Pictures stay out of the output. Return exactly the lines below from the one with "Chi tiết chương" down to the one with "Collation salade Fronde", both included, and nothing more.

BEGIN RECORDS TO USE

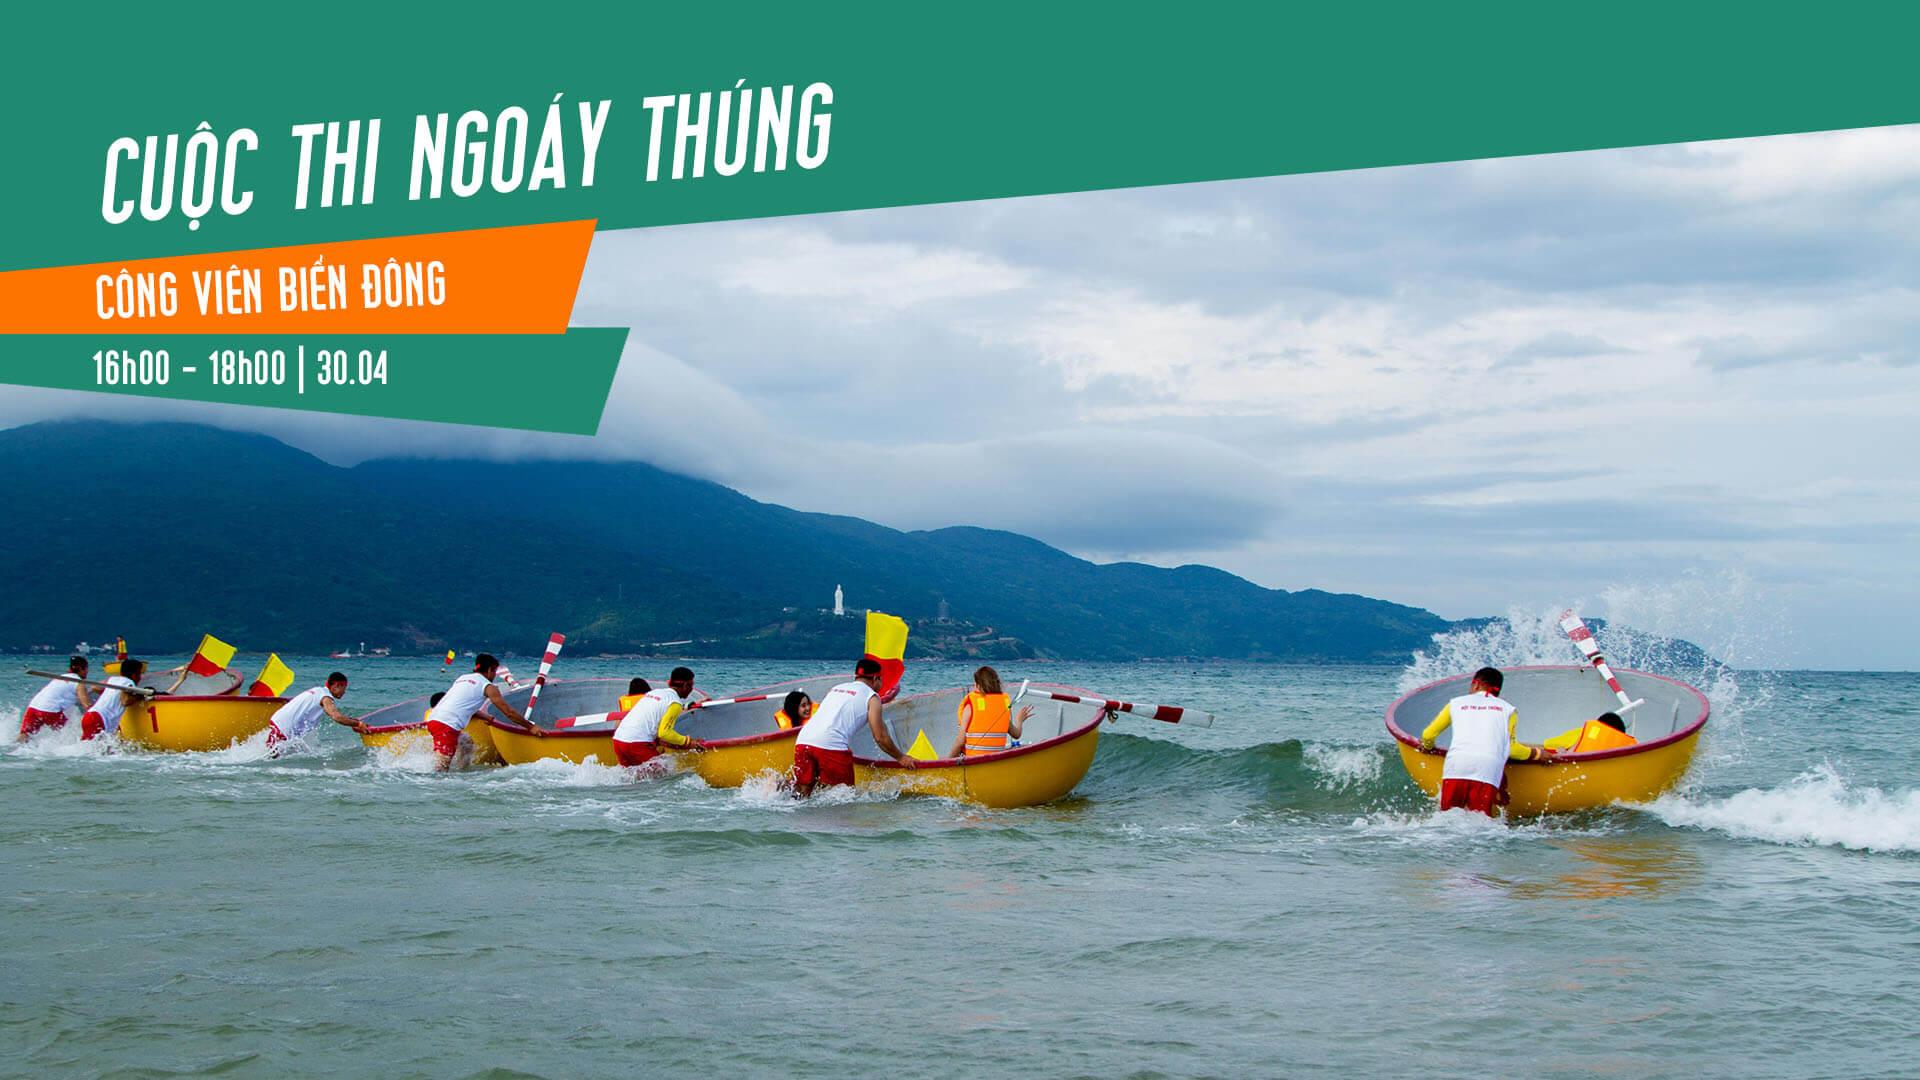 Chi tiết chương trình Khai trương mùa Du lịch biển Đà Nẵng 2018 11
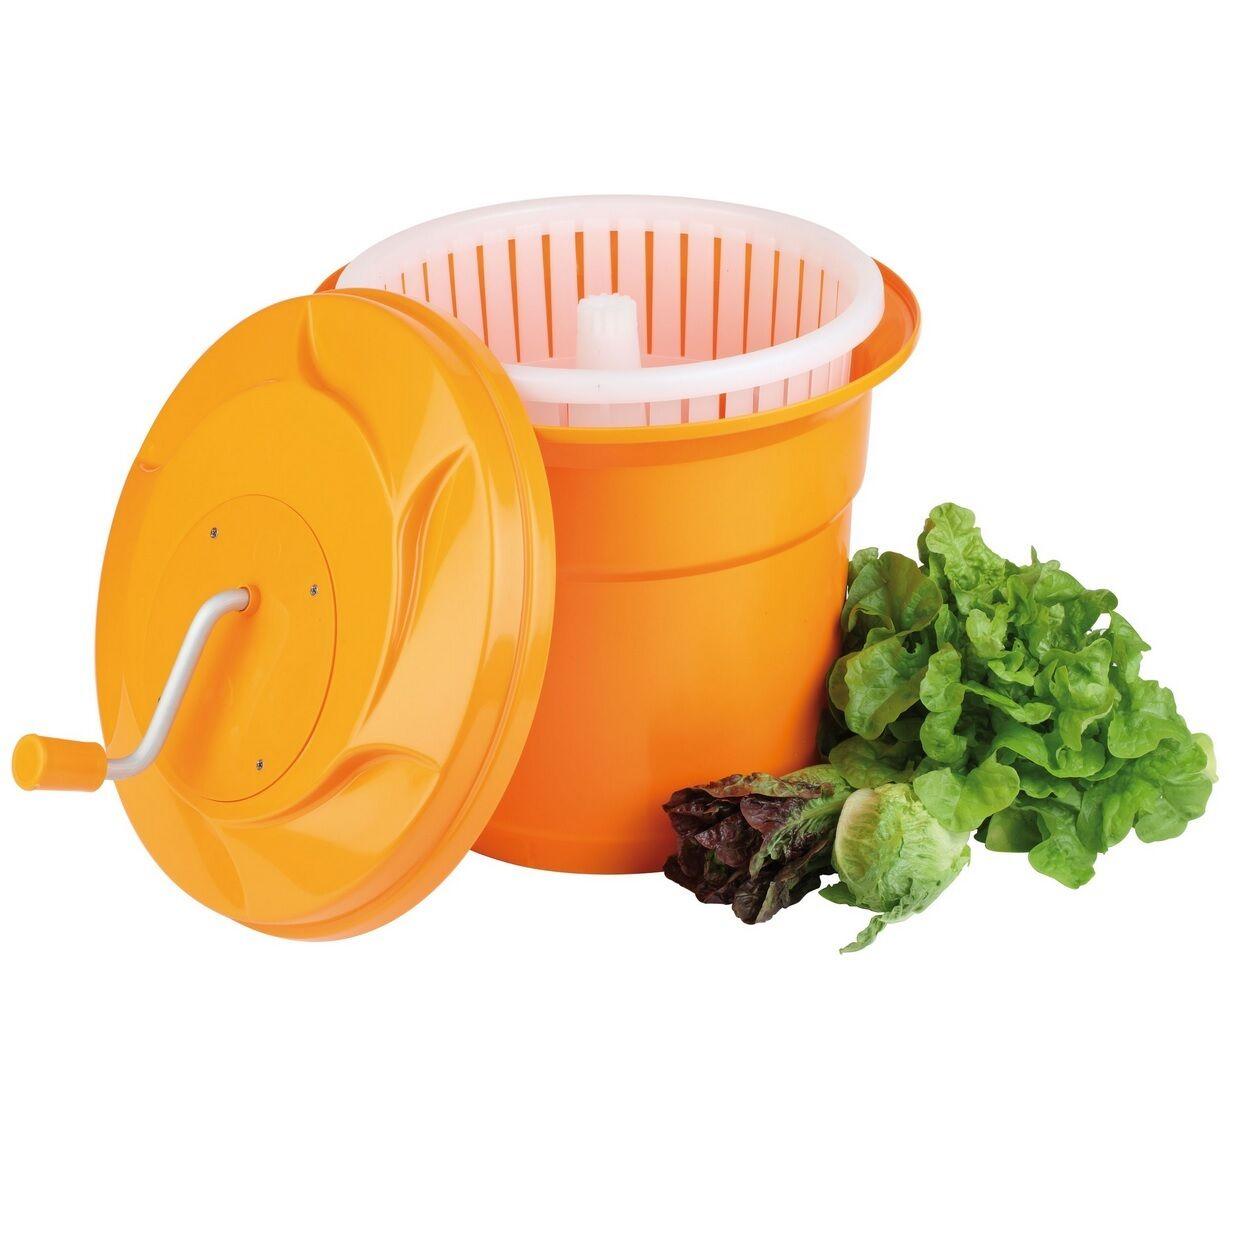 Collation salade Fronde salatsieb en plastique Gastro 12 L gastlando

END RECORDS TO USE
BEGIN RECORDS TO USE

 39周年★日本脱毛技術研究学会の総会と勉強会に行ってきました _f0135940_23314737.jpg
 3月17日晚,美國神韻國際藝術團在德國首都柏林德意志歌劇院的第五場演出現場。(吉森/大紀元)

END RECORDS TO USE

RESPONSE FOR THIS EXERCISE:
 Chi tiết chương trình Khai trương mùa Du lịch biển Đà Nẵng 2018 11
 Collation salade Fronde salatsieb en plastique Gastro 12 L gastlando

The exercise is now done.